(Stored data entries)
--*--
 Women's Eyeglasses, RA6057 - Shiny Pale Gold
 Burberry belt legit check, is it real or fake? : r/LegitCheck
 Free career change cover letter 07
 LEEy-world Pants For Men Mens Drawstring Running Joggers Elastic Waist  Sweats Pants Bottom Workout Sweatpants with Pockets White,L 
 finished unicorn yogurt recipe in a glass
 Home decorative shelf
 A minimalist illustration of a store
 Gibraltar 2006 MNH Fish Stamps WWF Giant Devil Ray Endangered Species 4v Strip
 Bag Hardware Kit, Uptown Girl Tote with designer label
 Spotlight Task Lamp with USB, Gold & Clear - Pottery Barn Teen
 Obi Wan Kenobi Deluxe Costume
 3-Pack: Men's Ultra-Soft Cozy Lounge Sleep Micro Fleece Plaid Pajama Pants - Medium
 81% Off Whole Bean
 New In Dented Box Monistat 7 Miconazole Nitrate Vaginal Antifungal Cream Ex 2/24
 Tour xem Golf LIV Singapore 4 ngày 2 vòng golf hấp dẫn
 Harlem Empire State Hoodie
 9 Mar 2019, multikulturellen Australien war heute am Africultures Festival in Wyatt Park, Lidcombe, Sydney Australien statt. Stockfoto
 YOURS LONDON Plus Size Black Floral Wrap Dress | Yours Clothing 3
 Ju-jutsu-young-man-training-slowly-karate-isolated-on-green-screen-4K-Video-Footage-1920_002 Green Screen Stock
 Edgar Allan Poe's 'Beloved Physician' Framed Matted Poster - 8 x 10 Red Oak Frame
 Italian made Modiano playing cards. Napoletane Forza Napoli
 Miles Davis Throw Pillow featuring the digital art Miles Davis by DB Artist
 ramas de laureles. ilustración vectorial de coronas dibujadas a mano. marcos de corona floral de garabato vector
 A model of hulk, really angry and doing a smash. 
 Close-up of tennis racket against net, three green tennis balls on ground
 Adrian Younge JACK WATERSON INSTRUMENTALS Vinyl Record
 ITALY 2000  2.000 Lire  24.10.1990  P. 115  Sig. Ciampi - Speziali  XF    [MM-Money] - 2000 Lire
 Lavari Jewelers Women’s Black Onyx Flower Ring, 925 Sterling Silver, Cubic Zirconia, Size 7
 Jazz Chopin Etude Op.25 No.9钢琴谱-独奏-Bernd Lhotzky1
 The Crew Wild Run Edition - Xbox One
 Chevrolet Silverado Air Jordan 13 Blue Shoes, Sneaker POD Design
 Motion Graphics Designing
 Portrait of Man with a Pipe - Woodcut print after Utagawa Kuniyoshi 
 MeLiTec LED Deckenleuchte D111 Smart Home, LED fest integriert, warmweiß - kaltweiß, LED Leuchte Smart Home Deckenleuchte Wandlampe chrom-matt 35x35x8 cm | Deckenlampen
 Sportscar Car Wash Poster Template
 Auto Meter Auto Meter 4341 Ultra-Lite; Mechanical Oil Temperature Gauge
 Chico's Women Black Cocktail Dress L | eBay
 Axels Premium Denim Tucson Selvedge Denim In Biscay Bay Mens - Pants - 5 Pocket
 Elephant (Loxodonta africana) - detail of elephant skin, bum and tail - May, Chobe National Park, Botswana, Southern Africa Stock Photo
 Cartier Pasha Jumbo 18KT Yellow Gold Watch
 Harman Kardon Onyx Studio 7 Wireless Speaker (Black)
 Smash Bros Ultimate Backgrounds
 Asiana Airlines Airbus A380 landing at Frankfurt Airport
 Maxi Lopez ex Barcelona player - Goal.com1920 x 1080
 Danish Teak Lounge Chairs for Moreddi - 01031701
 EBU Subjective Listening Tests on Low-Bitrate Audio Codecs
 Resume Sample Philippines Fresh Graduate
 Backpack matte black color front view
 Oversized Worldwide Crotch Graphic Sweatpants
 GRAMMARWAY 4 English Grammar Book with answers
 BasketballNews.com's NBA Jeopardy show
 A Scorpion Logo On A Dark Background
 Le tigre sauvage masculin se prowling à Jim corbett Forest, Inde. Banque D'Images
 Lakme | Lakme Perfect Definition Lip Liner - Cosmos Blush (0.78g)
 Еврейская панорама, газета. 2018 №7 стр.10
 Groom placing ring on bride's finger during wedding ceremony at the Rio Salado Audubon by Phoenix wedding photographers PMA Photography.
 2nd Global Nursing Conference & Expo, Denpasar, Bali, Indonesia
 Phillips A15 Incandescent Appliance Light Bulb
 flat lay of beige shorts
--*--
## WORK ORDER:
Please copy every line of the data that carries the string "Home".

## RESULT FOR THIS EXERCISE:
 Home decorative shelf
 MeLiTec LED Deckenleuchte D111 Smart Home, LED fest integriert, warmweiß - kaltweiß, LED Leuchte Smart Home Deckenleuchte Wandlampe chrom-matt 35x35x8 cm | Deckenlampen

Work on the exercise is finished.